Presidential Campaign Needs To Be About What’s Best for America, Not Race

“The post-civil rights movement black political culture embraced an agenda exactly the opposite of what the civil rights movement was about.” Conservative commentator Star Parker, who is black, “Its agenda was to get laws and policies that were not neutral but racially slanted and to put individuals in power based on their race and not on their character and capability.”

As the presidential campaign gets under way, it is in the interest of all Americans that it be about what is the best path to ensure a peaceful and prosperous future for our country. Unfortunately, early indications suggest that appeals on the basis of race will be a key ingredient in the contest.

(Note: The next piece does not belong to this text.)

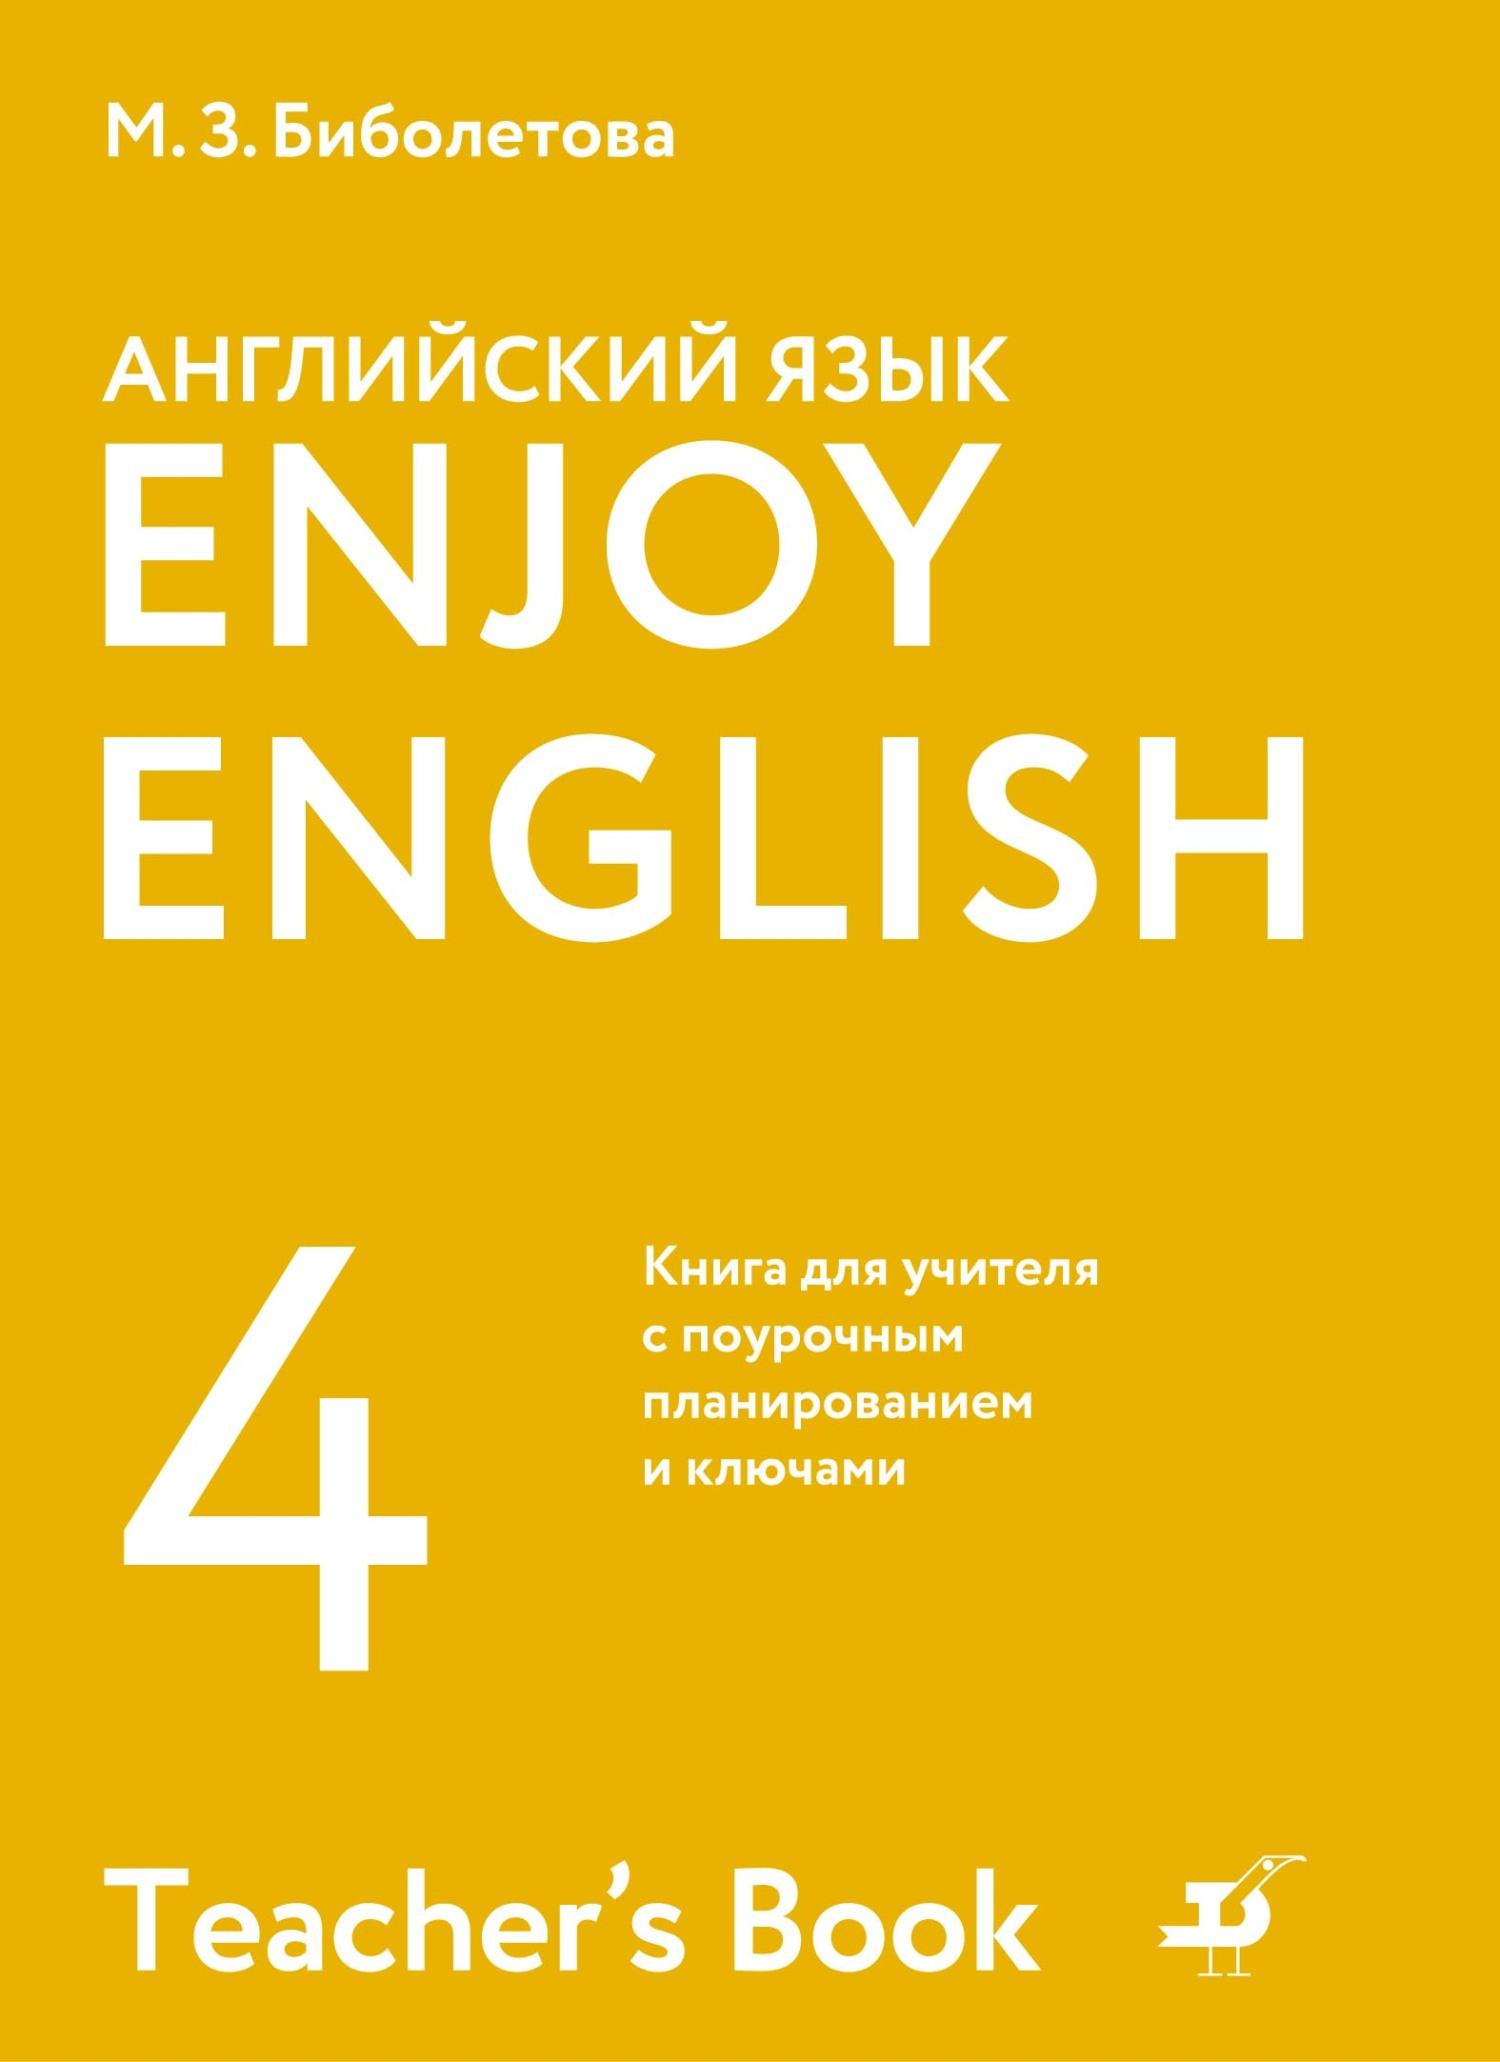 М. З. Биболетова Enjoy English / Английский с удовольствием. 4 класс. Книга для учителя английский язык книга для учителя 4 класс пособие для общеобразовательных организаций

In May, House Democrats were tutored by a George Soros-funded pressure group, the Center for Social Inclusion, to “address the issue of race to defend government progress,” reported the Washington Examiner.

According to the Examiner, “The prepared content of a… presentation to the House Democratic Caucus and staff indicates that Democrats will seek to portray apparently neutral free-market rhetoric as being tinged with racial bias, conscious or unconscious.”

Maya Wiley of the Center for Social Inclusion told the lawmakers that “conservative messages” are “racially coded” and suggested ways to combat them. In Ms. Wiley’s estimation, the facts of matters in question are not important. Rather, she said, “It’s emotional connection, nor rational connection, that we need.”

She argued, for example, that Newt Gingrich’s labeling of President Obama as a “food stamp president” cannot be “a race neutral statement, even if Newt Gingrich did not intend racism.” Thus, even though the food stamp program has grown dramatically in recent years, and despite the fact that most recipients are white, to discuss the question is somehow to engage in “racism.”